That Antoni Gaudí’s La Pedrera gleams in the foreground through the window of this attic pavilion on Barcelona’s Paseo de Gracia strikes me as the perfect pretext to establish a dialogue between this unique space (whose only apparent function is that of privileged contemplation), the landscape of the city, and some objects I arranged in the foreground.

La Pedrera and the city in the background are both seen through a round-arched window at the far end of the room, whose layout imposes a strictly orthogonal contemplation. This grants the scene a certain classical character—somewhere between ideal and imagined—or not quite of this world, aligning well with my preference for images conceived as artifice.

An icosahedron hangs from the ceiling in the form of an inverted baldachin, whose points delimit the composition in the foreground. On the circular table, four objects: a white sphere, a small bouquet of everlastings in a glass of water, and two pieces by the Finnish designer Tapio Wirkkala.

Wirkkala’s Jahresteller plate is inspired by the groupings of inverted domes formed by bubbles on a surface; the everlastings are succulents with fractal geometry; and the Ovalis vase (also by Wirkkala), filled with stones from Altea beach, together with the round white candle, catches the light that enters through the window in the background and the opening on the side.

I have always been interested in the architecture of spaces and beautiful, simple objects, as well as the relationships they establish among themselves. Beyond the sentimental or biographical aspect of things, I am drawn to their material essence, the contrast between the finite nature of some objects and the enduring nature of others—and particularly, when I use charcoal, the dramatising effect that light exerts on the matter of all things.

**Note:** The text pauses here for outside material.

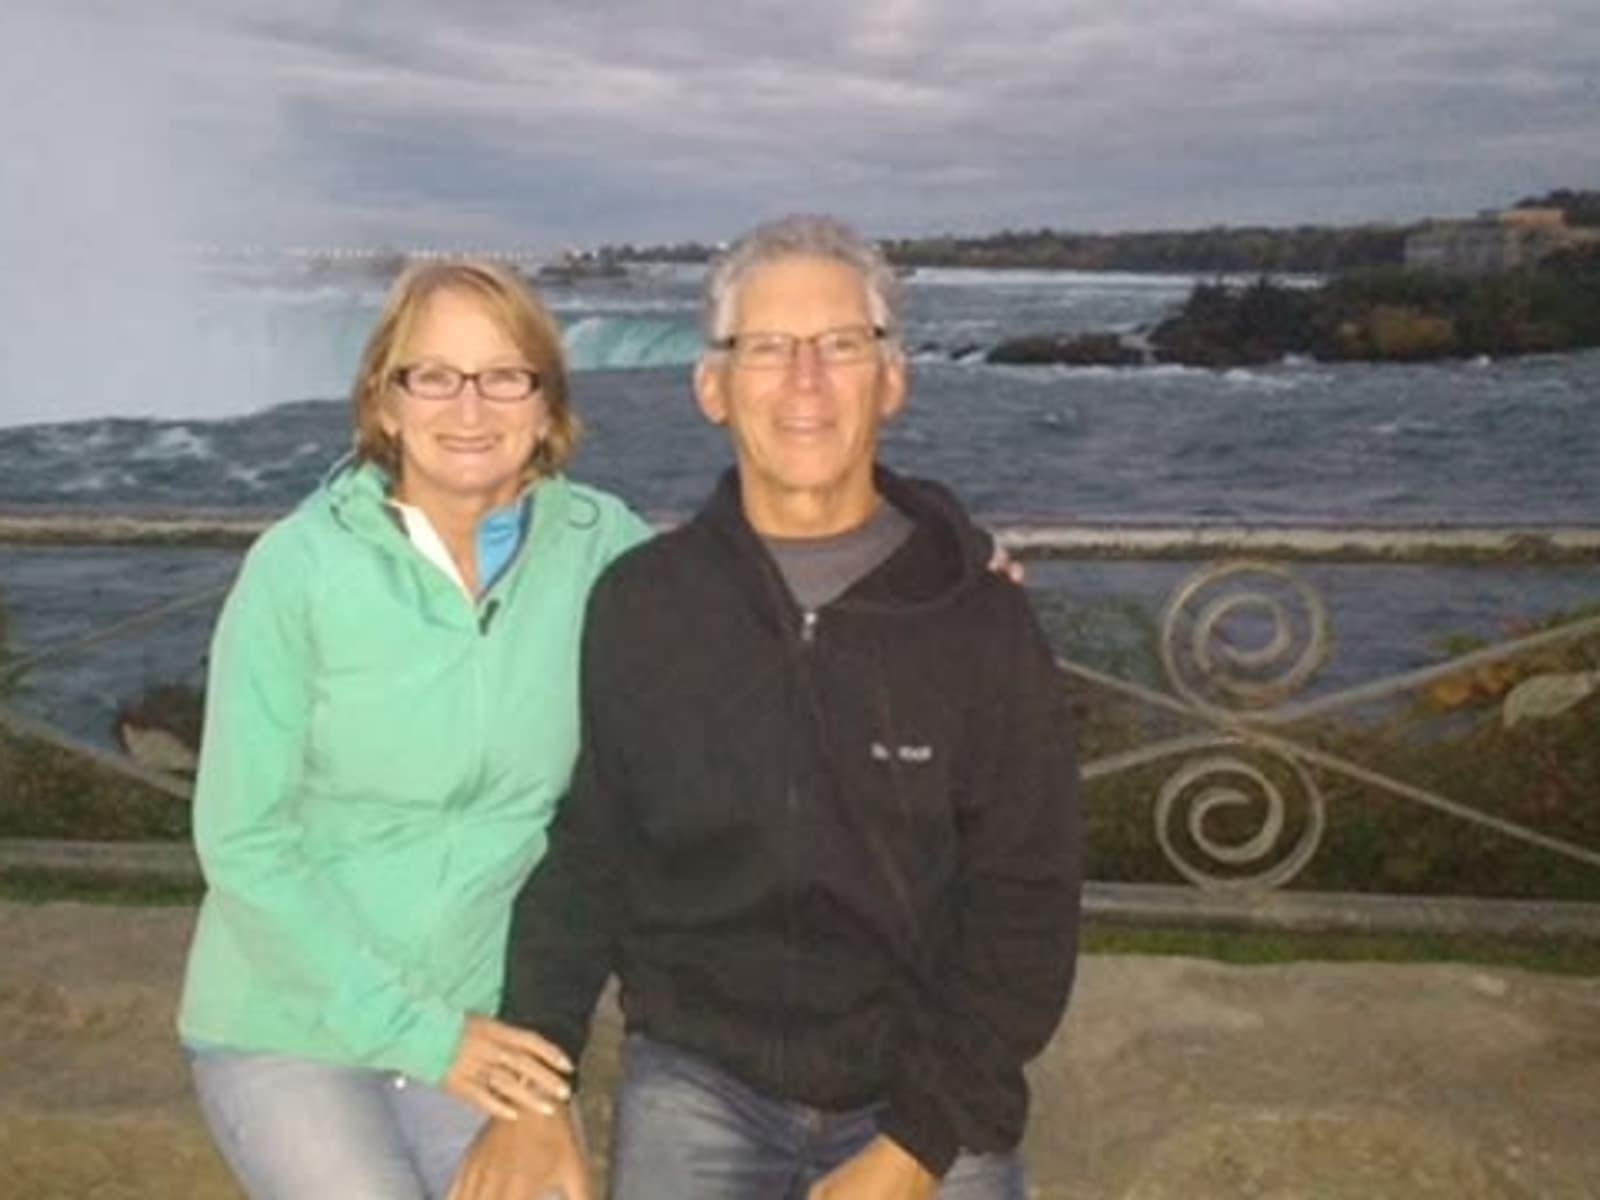 Bonita & Gary from Oxford, Nova Scotia, Canada

The scene strives for harmony—just one of its many possible forms. Its meaning does not fully reveal itself and remains open to interpretation. Let us look, then.

Stillness in Gracia, 2022, charcoal on paper and panel, 87 × 87 cm / 34¼ × 34¼ in

Farewell bouquet

Every year, at the end of spring, the sunlight begins to seep into my studio in the evenings, and I feel impelled to create a work that draws on the effects of light and shadow on its walls.

In the spring of 2015, beside the large window, there was a bouquet of dried flowers from the day of my father’s funeral. Without any conscious intention, I included them in a charcoal drawing, which immediately turned into something else—something like a portrait of him in absentia, or a vanitas. The oil painting I made next was a fully deliberate attempt to represent him through an architectural space composed of elements drawn from reality, imagination, and memory.

Farewell Bouquet I, 2015, charcoal on prepared panel, 70 × 110 cm / 27½ × 43¼ in

Farewell Bouquet II, 2015, oil on panel, 70 × 70 cm / 27½ × 27½ in

Leiria, the curved corridor

Normally, a body of work is the result of a quiet reflection on things that are within my reach and that interest me. On a few occasions, the idea arises suddenly from the discovery of something —or someone— that catches my attention. That was the case with my chance encounter with the building of the Escola Superior de Artes e Design in Caldas da Rainha, designed by the Portuguese architect Vítor Figueiredo.

During a trip to Portugal, to pick up my eldest daughter from an Erasmus program, I visited the building. I was struck by the stripped-down sobriety of that white construction rising in the middle of a pine forest, and by its wide curved corridors bathed in natural light. After visiting the building —and with hardly any time to reflect, since we had to leave at once— I took a few photographs with my mobile phone as a kind of note. How I would have loved to study in such a magnificent building!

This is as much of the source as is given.